A top health researcher and member of a national task force on Covid-19 told The Telegraph that it would be “premature” to plan any rollout without knowledge about which vaccine will be available.

“At this point, we’re looking at possible scenarios — scenario 1, scenario 2, scenario 3. But things could change,” the researcher said, requesting anonymity.

The researcher added: “Manufacturers have different capacities; the mathematics changes depending on which candidate becomes available.”

Multiple candidate Covid-19 vaccines are under various stages of clinical trials worldwide – including three candidates in India – to be assessed for safety and efficacy. It is unclear which of these India’s drug regulatory authority might approve.

“Our government is working round the clock to ensure there is a fair and equitable distribution of vaccines once they are ready,” Vardhan said, interacting with citizens on a social media platform.

“Just like everywhere else in the world, our government’s utmost priority is how to ensure vaccines for each and everybody in the country.”

Vardhan said the ministry had asked the states to submit lists of priority population groups to receive the Covid-19 vaccine. These lists are expected to include doctors, nurses, paramedical staff, surveillance officers, sanitary staff and others involved in testing, tracing and treating patients.

“We have placed a realistic target of end-October to complete this humungous exercise,” Vardhan said, adding that the Centre would also help build capacity in human resources, supervision, training and the infrastructure required to distribute the vaccine across the country.

“Our rough estimate and target would be to receive and utilise 400 to 500 million doses covering approximately 20 crore to 25 crore people by July 2021,” the minister said. “All this is still under various stages of finalisation.”

Vardhan said the government was monitoring immunity against Covid-19 which, health researchers said, would be available through antibody surveys that provide information if a person has been previously infected by the coronavirus.

In routine viral infections, previous exposure to an infection generates an immune response that protects the person from future infections by the same virus. This principle might be taken into account to decide who among the general population gets the vaccine on priority, two top health researchers advising the government have told this newspaper.

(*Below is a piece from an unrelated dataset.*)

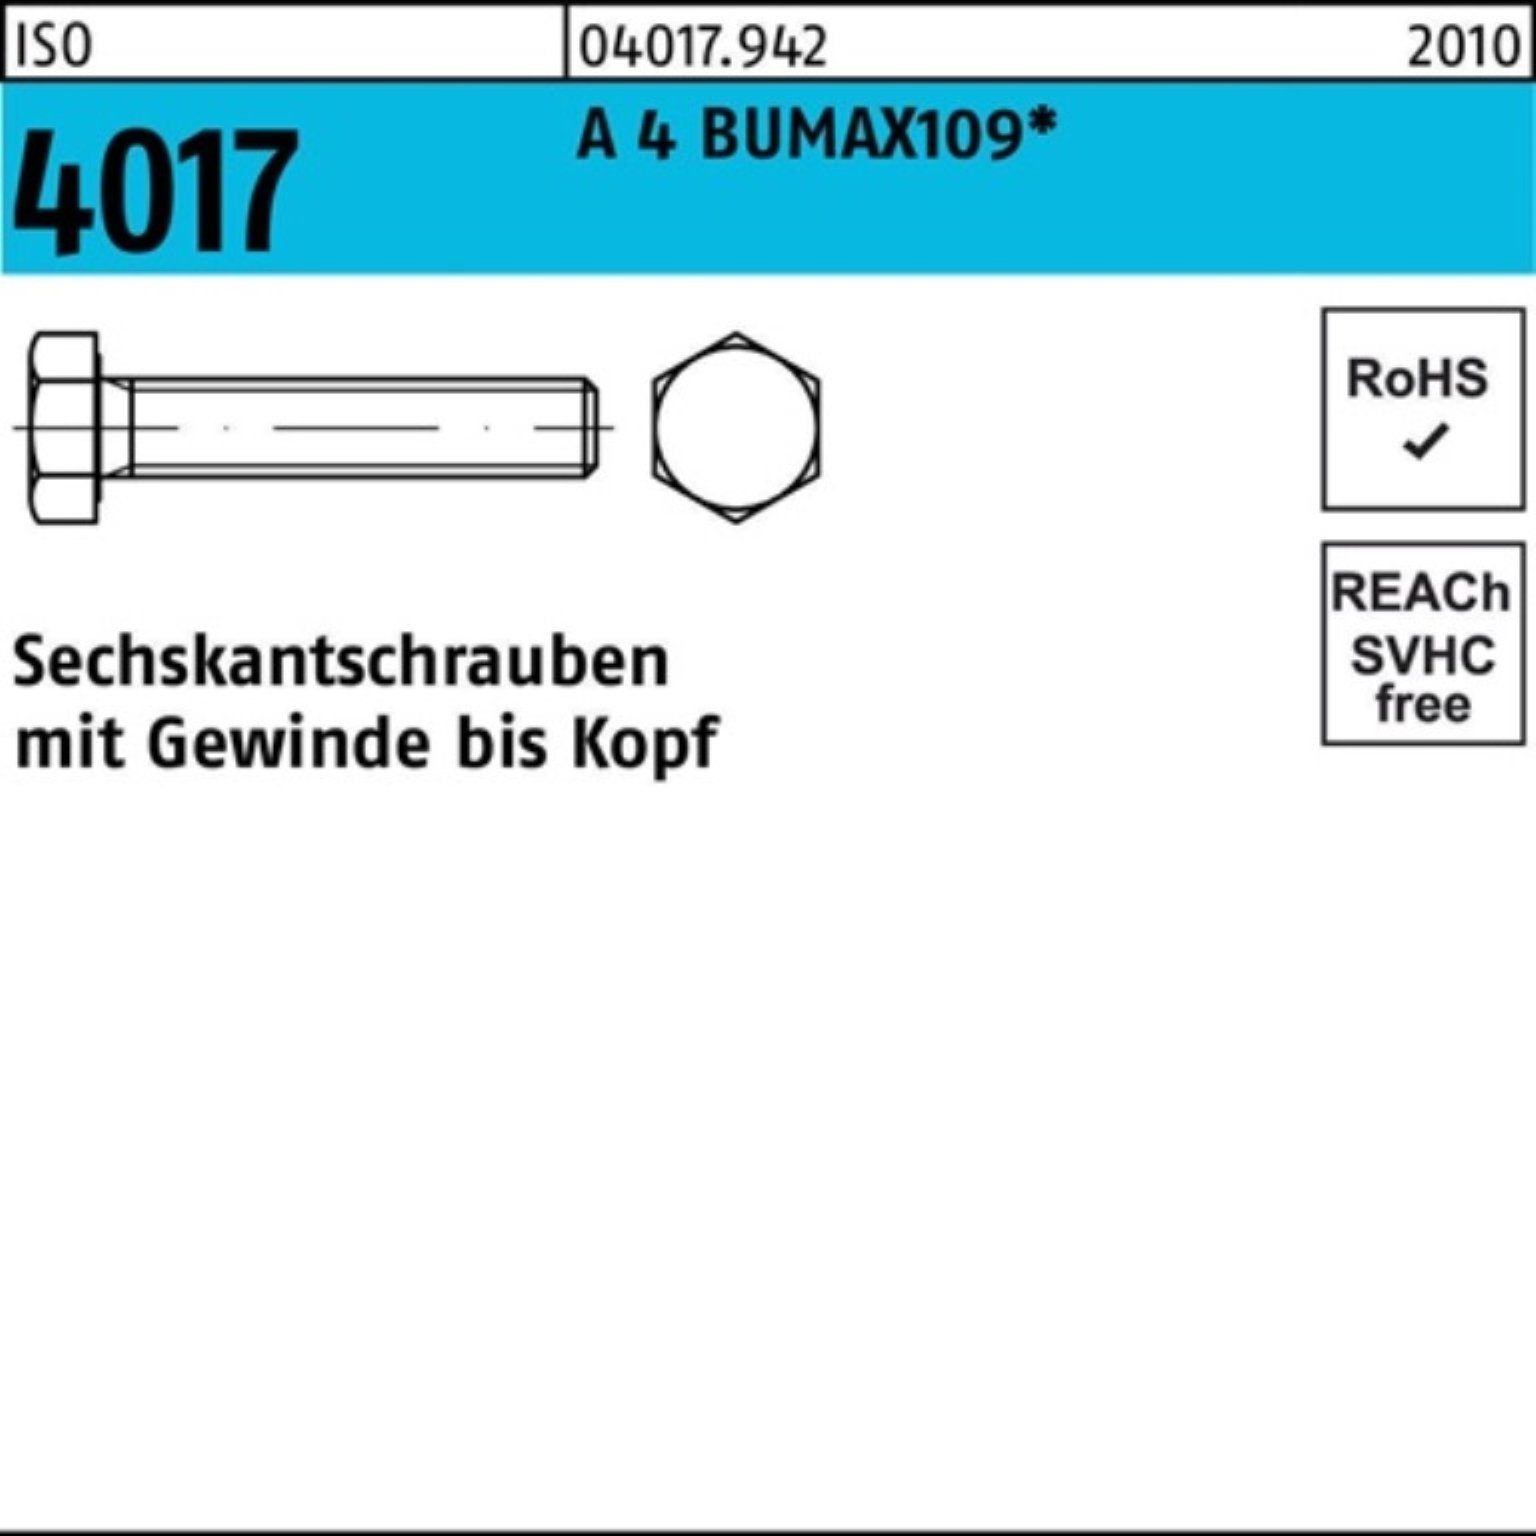 Bufab Sechskantschraube 100er Pack Sechskantschraube ISO 4017 VG M10x 30 A 4 BUMAX109 50 Stüc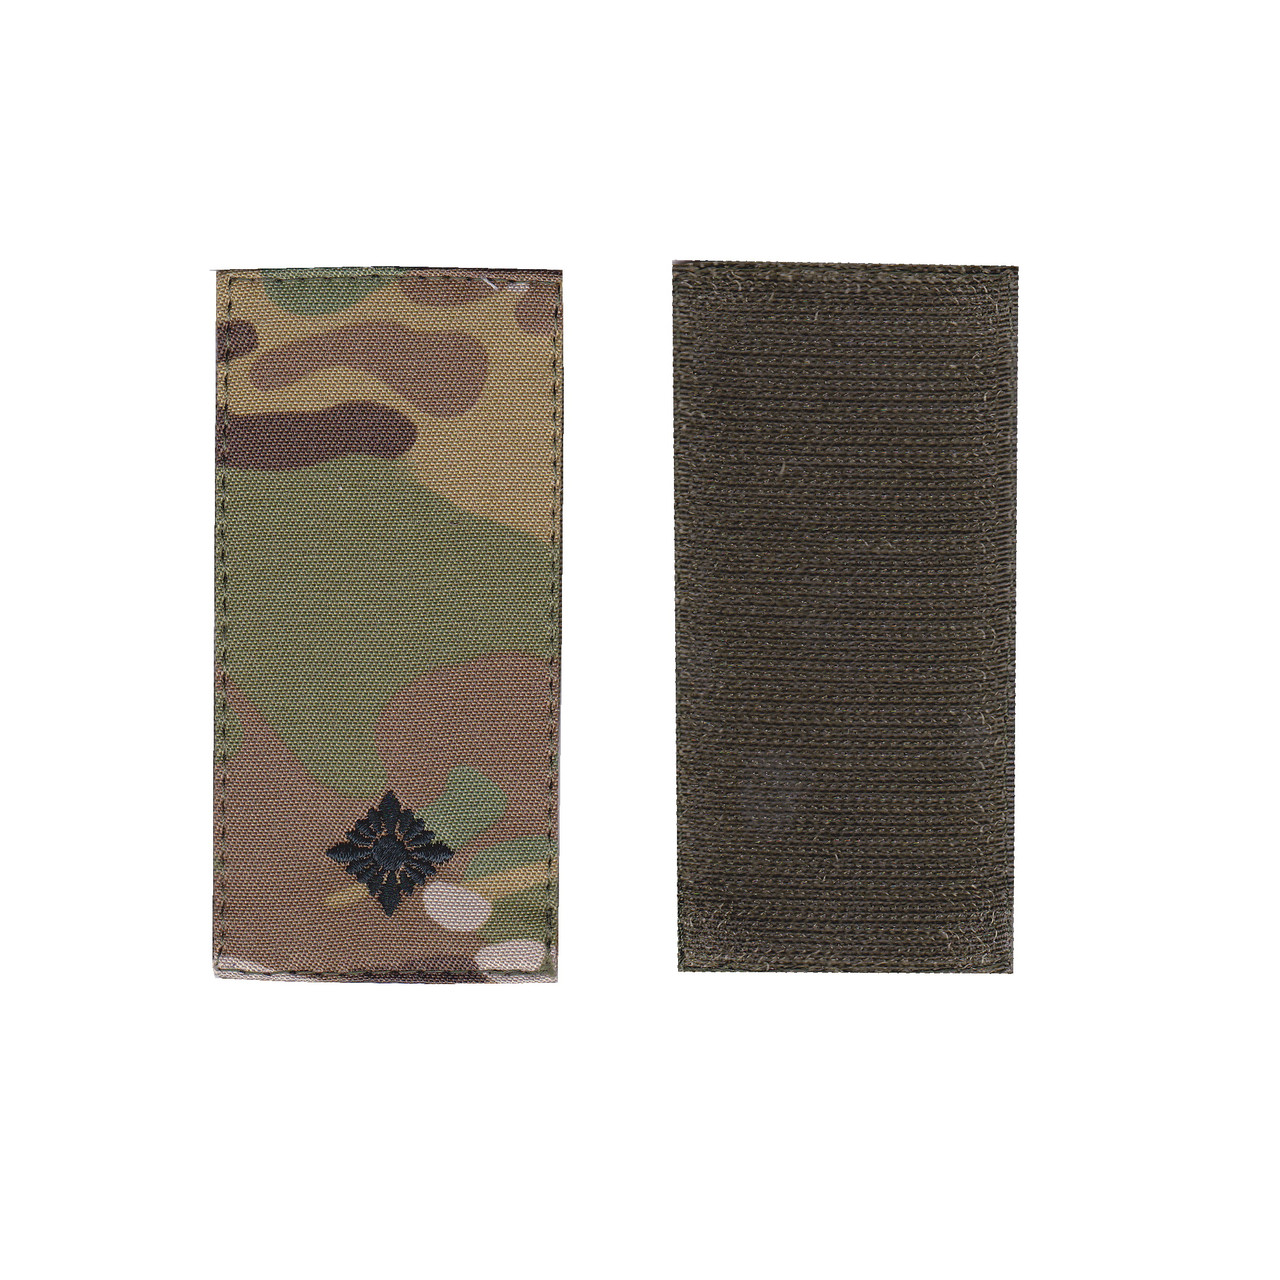 Погон молодший лейтенант військовий / армійський шеврон ЗСУ, чорний колір на мультикамі. 10 см * 5 см

Antibody surveys carried out between July and September suggested that 17 to 29 per cent of the populations sampled in several large cities – Ahmedabad, Chennai, Delhi, Mumbai and Puducherry – had already been infected.

Amid the growing epidemic, health experts say, the proportion of infected people would have risen to even higher levels by the time a vaccine becomes available.

“If 30 to 40 per cent of people are already exposed, we can prioritise the vaccine for those without antibodies,” one researcher said.

The Indian Council of Medical Research has already conducted two nationwide surveys showing a 10-fold increase in the prevalence of the infection over a 3-month period.

Survey findings have indicated that over 92 million people had already been infected by August.

“If the natural infection itself can do the job (providing immunity), a vaccine becomes superfluous,” Samiran Panda, head of the ICMR’s epidemiology division, had said last week.

India is testing two home-grown candidate vaccines – one developed by the Hyderabad-based Bharat Biotech, the other by the Ahmedabad-based Zydus Cadila – and the Oxford University candidate. The results of their trials are expected later this year.